From an ERP vendor's perspective the practical differences are:

  • Onboarding cost. Two-corner: weeks per partner. Four-corner: hours to register a Peppol participant ID; routing is automatic.

  • Format flexibility. Two-corner: whatever the two parties agree, often legacy EDI. Four-corner: constrained to network-approved formats (Peppol BIS Billing 3.0, etc.) and policed by access points.

  • Discovery. Two-corner: out of band (phone, email, supplier portal). Four-corner: SMP/SML lookup, machine-resolvable.

  • Compliance liability. Two-corner: bilateral, each party responsible for the agreement they signed. Four-corner: distributed; each access point warrants conformance to its corner of the network.
  • A five-corner variant exists — used in CTC regimes like France's PPF model and Peppol's pilot 5-corner architecture for tax reporting — where a tax authority is inserted as the fifth corner alongside the four exchange parties.

    Where the two-corner model still exists

    It has not disappeared. It survives wherever the underlying economics still favour it:

  • Large retailer-supplier networks running entrenched EDIFACT or X12 flows. Migrating a Walmart-style supplier base to Peppol is a multi-year programme; bilateral EDI continues in parallel.

  • Automotive and aerospace supply chains with deep buyer-driven specifications (Odette, AECMA, ENX).

  • Intra-group invoicing between subsidiaries of the same multinational, where a shared ERP backbone makes the bilateral integration essentially free.

  • High-volume utilities, telecoms, and logistics with industry-specific message catalogues.

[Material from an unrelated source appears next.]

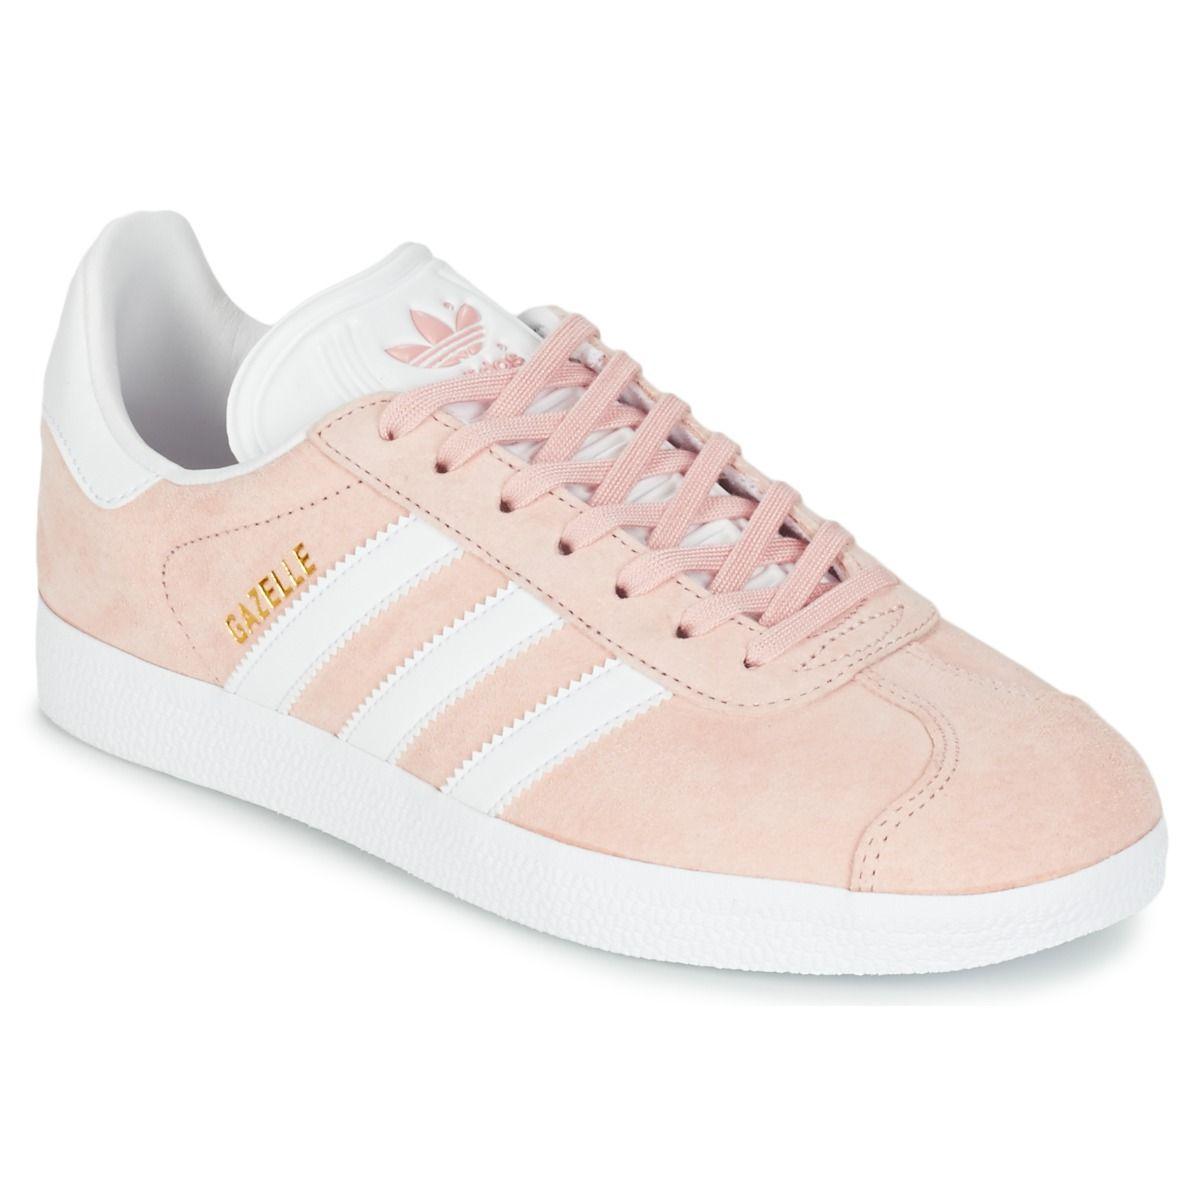 Gazelle | Adidas, Addidas sneakers, Adidas shoes

  • B2G in some Member States before national platforms were available — Italy's pre-SDI public-sector invoicing, for example, was largely two-corner over PEC e-mail.
  • The two-corner model also resurfaces as a fallback inside otherwise four-corner architectures: when a Peppol access point cannot resolve a recipient, the issuer is sometimes permitted to deliver by direct e-mail or upload portal, which is a two-corner exchange dressed in network terminology.

    Why ERP vendors still care

    Even for ERPs targeting fully four-corner customers, two-corner integrations remain in the backlog because most mid-sized buyers have at least one trading partner who refuses to join Peppol. A modern invoicing module typically needs to:

  • Detect at routing time whether the recipient has a Peppol participant ID (four-corner) or only an e-mail / portal address (two-corner).

  • Maintain a per-partner profile of accepted formats, signature requirements, and quirks (rounding rules, mandatory free-text fields).

  • Emit a Peppol BIS Billing 3.0 UBL by default and downgrade or translate to legacy EDIFACT INVOIC where a key buyer demands it.

  • Track delivery acknowledgements in two different worlds: a Peppol MLR (Message Level Response) for four-corner, an AS2 MDN or an opaque "received" e-mail for two-corner.
  • Relation to EN 16931

    EN 16931 is corner-agnostic. The semantic data model says nothing about how the invoice gets from sender to receiver. A perfectly compliant EN 16931 UBL invoice can be delivered two-corner over SFTP, four-corner over Peppol AS4, or five-corner via France's PPF — the semantic content is the same.

    The practical effect is that two-corner is a deployment model, not a format choice. ERPs aiming at EU readiness build their internal data path around EN 16931 and treat the corner count as a routing decision.